Users can choose whether to throttle the newly added broker during the partition movement. If the new brokers are unthrottled, there might be more than num.concurrent.partition.movements.per.broker moving into each new brokers concurrently.

Remove a broker from the Kafka cluster

The following POST request removes a broker from the Kafka cluster:

POST /kafkacruisecontrol/remove_broker?brokerid=[id1, id2...]&dryrun=[true/false]&throttle_removed_broker=[true/false]&kafka_assigner=[true/false]&json=[true/false]

Similar to adding broker to a cluster, removing a broker from a cluster will only move partitions from the broker to be removed to the other existing brokers. There won't be partition movements among remaining brokers.

User can choose whether to throttle the removed broker during the partition movement. If the removed broker is unthrottled, there might be more than num.concurrent.partition.movements.per.broker moving into that broker concurrently.

Rebalance a cluster

The following POST request will let Kafka Cruise Control rebalance a Kafka cluster

POST /kafkacruisecontrol/rebalance?goals=[goal1,goal2...]&dryrun=[true/false]&data_from=[valid_windows/valid_partitions]&kafka_assigner=[true/false]&json=[true/false]

goals: a list of goals to use for rebalance. When goals is provided, the cached proposals will be ignored.

valid_windows: rebalance the cluster based on the information in the available valid snapshot windows.

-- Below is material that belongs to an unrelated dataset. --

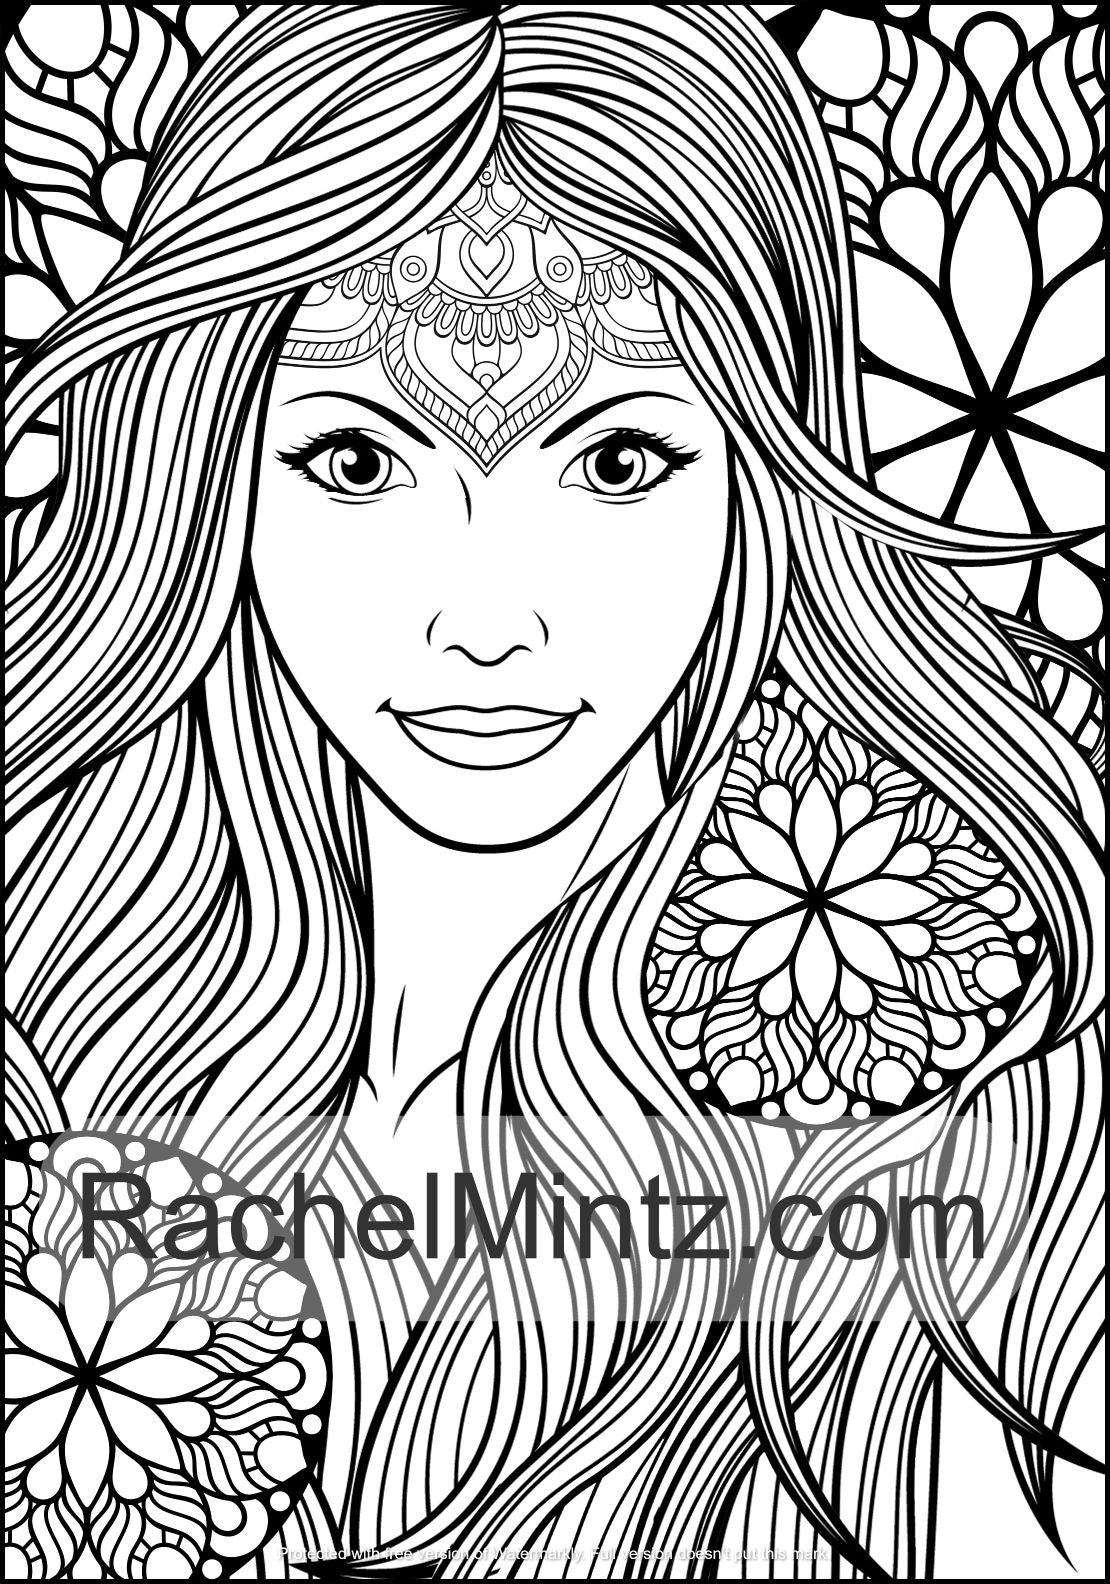 Mandala Women Coloring Book (Digital Format) – Rachel Mintz Coloring Books

A valid snapshot window is a windows whose valid monitored partitions coverage meets the requirements of all the goals. (This is the default behavior)

valid_partitions: rebalance the cluster based on all the available valid partitions. All the snapshot windows will be included in this case.

Users can only specify either valid_windows or valid_partitions, but not both.

When rebalancing a cluster, all the brokers in the cluster are eligible to give / receive replicas. All the brokers will be throttled during the partition movement.

By default the rebalance will be in DryRun mode. Please explicitly set dryrun to false to execute the proposals. Similar to the GET interface for getting proposals, the rebalance can also be based on available valid windows or available valid partitions.

Stop an ongoing rebalance

The following POST request will let Kafka Cruise Control stop an ongoing rebalance:

POST /kafkacruisecontrol/stop_proposal_execution

Note that Cruise Control does not wait for the on going batch to finish when it stops execution, i.e. the in progress batch may still be running after cruise control stops the execution.